Pure Storage has unveiled a new data-centric architecture in a bid to enable businesses to put machine learning at the heart of their operations.
The US firm made a suite of announcements at its annual Pure/Accelerate summit in California this week, as part of plans to help customers’ build storage solutions around their data and applications.
“Our customers aggressively seek to use data to improve their customer experience and outdistance their competition,” said Pure’s CEO Charles Giancarlo. “[Our] data-centric architecture enhances and simplifies their ability to use data for intelligence and advantage.”
The company unveiled a new FlashArray//X product line equipped with NVMe to make databases, virtualised environments and test/dev initiatives faster. The lineup features five configurations and is priced at the same level as the lineup it replaces. A new “Evergreen Storage Service” allows business to use on-premises storage on a “cloud-like consumption model”.
Pure also unveiled AIRI Mini, a new AI-Ready Infrastructure solution for businesses that want to get machine learning projects up and running quickly. Like the original AIRI storage solution announced in March, the AIRI Mini features Nvidia servers and software.
“While AIRI simplifies AI infrastructure for initiatives at any scale, AIRI Mini offers a powerful and affordable entry point for organizations to explore and scale as they grow into AI,” said Pure’s GM of FlashBlade Matt Burr. “AIRI Mini removes the final barriers for any organization to leverage AI, and scales as AI workloads grow.”
A survey of 2,300 business leaders conducted by MIT on behalf of Pure revealed that 82 per cent think AI will have a positive impact, 83 per cent think AI is important for analytics and reducing human error and 79 per cent think the legal and ethical implications of the technology still need to be clarified.

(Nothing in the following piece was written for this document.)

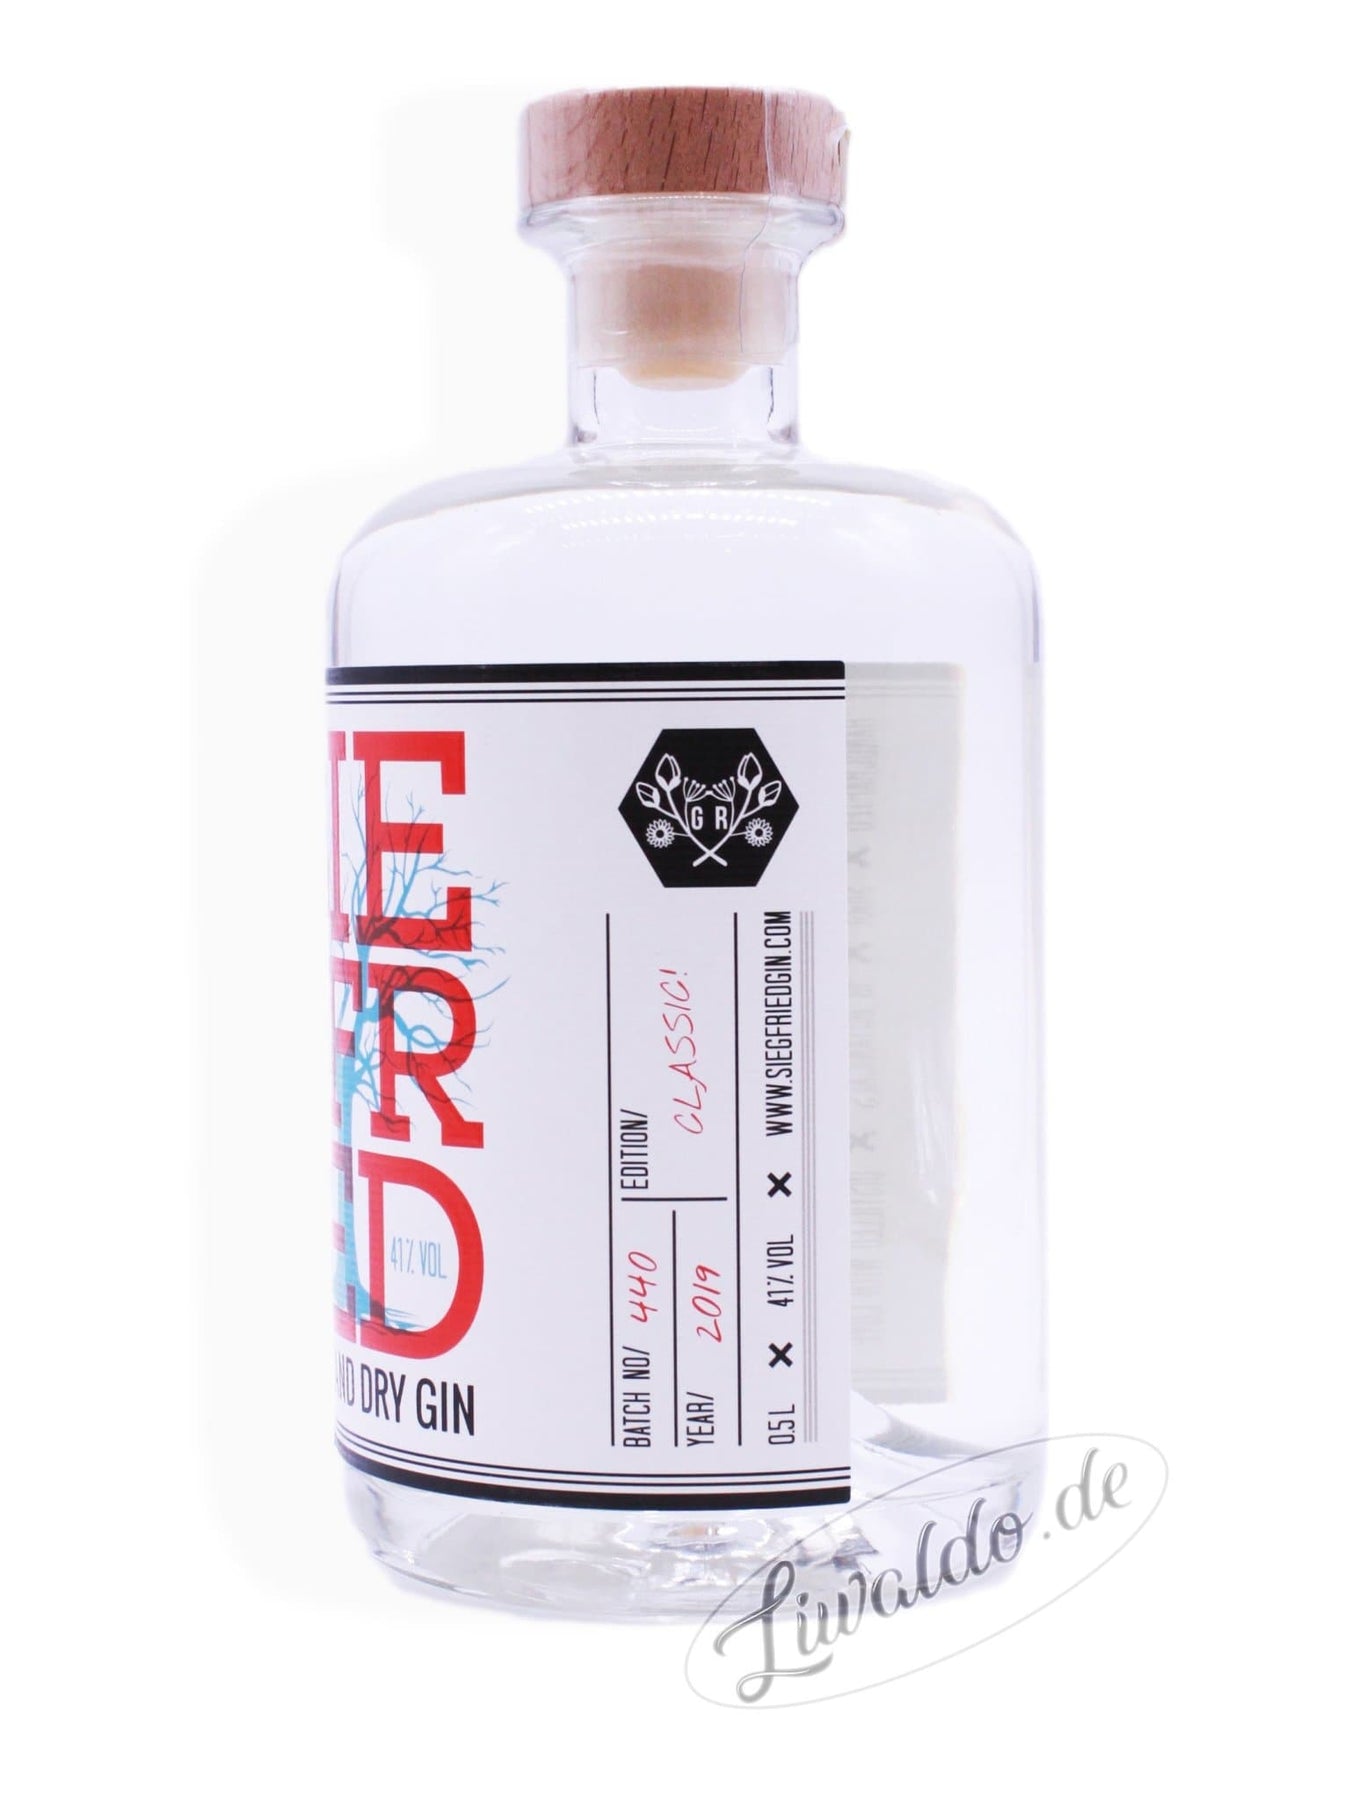 Siegfried Rheinland Dry Gin 41% 0,5 l | Online bei

Speaking to NS Tech, Pure’s EMEA CTO Alex McMullan said that while AI is still a long way off from mimicking human intelligence, the technology is more developed than many might assume.
“I think the biggest gap we still have in this space is how we teach the machines. Our biggest problem is that we don’t quite understand how we work yet. So translating that into machine-based teaching is our biggest gap,” he said.
“Once we’re able to teach the machines what we really want to teach them, that curve will pick up hugely. We’re not even in the early days, we’re in year two of five in terms of getting to that huge tipping point. We’ve gone beyond the hype now and I think we’re genuinely at that point of real inception.”